• ASSIGNMENT:
Look through the data below and extract, unchanged, the lines from the one that contains "Integrys Energy Group Inc" to the one that contains "RoyalBaby Jenny &", both included.
━━━ DATA PROVIDED ━━━
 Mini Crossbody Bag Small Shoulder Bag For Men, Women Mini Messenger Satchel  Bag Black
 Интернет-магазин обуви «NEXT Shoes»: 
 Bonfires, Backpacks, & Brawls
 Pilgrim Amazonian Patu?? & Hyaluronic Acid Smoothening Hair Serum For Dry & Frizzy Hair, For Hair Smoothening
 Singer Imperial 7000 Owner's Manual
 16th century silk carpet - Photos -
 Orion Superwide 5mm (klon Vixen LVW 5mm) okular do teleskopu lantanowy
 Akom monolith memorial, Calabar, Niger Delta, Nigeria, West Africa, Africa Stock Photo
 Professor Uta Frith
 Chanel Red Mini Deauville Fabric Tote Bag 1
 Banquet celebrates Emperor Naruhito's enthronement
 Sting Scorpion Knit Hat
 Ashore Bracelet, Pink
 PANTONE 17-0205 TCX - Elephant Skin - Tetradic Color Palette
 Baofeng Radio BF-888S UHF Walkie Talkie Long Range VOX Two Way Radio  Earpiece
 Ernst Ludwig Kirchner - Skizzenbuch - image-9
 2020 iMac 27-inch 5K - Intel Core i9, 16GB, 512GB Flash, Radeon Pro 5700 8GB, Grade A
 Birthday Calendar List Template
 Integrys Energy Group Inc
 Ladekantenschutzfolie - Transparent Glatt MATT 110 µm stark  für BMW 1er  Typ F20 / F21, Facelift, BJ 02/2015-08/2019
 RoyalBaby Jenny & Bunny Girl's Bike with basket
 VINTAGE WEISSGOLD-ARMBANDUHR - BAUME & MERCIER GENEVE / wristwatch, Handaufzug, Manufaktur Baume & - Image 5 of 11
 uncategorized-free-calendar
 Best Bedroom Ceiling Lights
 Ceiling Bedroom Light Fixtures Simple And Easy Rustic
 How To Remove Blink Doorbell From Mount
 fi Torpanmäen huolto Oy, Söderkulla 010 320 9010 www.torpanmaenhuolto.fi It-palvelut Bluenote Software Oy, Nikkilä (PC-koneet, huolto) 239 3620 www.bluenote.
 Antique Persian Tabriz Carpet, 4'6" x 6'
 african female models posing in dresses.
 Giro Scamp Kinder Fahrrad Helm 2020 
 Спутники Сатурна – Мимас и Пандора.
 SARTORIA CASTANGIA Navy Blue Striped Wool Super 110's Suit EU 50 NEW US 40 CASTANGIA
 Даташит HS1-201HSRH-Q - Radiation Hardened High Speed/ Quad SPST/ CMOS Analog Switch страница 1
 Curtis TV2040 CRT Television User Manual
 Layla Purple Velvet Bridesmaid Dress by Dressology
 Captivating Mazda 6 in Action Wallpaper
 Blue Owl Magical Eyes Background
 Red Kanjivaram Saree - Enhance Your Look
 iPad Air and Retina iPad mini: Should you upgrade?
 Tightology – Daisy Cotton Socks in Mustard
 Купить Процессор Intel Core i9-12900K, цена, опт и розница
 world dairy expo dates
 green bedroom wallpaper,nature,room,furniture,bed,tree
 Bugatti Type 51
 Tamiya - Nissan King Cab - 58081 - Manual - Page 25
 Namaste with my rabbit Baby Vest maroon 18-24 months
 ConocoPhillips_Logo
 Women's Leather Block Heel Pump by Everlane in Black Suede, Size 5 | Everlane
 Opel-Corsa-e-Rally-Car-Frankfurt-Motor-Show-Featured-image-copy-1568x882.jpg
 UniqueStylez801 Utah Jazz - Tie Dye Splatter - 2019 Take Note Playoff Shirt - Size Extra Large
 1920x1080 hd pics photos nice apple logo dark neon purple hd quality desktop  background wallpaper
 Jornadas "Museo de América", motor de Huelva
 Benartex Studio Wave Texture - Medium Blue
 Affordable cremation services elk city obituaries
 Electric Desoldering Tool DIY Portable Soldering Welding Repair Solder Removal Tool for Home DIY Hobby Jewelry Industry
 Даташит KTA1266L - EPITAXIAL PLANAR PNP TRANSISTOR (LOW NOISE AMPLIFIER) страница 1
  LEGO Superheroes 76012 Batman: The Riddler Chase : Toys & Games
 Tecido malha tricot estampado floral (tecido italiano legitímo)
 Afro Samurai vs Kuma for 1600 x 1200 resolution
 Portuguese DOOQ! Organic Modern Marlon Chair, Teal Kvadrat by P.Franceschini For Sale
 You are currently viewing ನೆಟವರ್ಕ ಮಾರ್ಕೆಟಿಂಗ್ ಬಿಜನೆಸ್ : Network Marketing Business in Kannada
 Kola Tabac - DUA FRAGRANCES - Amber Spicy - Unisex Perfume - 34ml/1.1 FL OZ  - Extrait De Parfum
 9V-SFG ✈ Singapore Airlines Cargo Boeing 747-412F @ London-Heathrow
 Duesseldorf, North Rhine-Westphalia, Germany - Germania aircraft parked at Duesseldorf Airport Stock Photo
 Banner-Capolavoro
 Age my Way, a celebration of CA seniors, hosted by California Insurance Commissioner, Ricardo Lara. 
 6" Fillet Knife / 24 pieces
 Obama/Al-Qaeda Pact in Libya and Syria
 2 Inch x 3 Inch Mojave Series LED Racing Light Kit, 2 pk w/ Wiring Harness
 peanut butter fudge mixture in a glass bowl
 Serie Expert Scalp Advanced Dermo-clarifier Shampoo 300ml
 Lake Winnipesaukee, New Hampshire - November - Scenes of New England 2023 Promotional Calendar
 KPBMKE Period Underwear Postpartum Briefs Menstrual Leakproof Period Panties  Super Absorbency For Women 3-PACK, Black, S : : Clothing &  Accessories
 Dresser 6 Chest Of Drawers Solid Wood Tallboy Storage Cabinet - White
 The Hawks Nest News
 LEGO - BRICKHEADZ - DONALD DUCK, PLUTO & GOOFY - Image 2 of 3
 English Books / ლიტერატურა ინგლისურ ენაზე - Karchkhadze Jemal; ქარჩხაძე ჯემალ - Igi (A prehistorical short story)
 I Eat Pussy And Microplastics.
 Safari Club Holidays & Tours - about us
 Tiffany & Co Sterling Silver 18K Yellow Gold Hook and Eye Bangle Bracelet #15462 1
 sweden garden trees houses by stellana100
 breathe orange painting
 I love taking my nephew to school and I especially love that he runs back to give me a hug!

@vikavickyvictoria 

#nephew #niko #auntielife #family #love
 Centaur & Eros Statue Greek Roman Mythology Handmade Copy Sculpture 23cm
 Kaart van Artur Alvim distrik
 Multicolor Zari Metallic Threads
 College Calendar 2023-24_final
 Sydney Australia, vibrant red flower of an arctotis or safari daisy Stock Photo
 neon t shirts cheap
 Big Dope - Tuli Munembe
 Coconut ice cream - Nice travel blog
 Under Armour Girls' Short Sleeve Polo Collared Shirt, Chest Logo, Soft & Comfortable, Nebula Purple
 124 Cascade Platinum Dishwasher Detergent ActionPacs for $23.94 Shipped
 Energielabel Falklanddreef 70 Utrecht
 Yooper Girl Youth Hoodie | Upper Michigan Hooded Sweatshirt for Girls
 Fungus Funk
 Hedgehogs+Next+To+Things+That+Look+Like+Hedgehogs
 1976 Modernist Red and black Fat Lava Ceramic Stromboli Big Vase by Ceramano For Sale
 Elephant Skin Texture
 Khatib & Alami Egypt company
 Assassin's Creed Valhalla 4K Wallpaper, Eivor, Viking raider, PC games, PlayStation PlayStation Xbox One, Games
━━━
• WRITTEN RESPONSE:
 Integrys Energy Group Inc
 Ladekantenschutzfolie - Transparent Glatt MATT 110 µm stark  für BMW 1er  Typ F20 / F21, Facelift, BJ 02/2015-08/2019
 RoyalBaby Jenny & Bunny Girl's Bike with basket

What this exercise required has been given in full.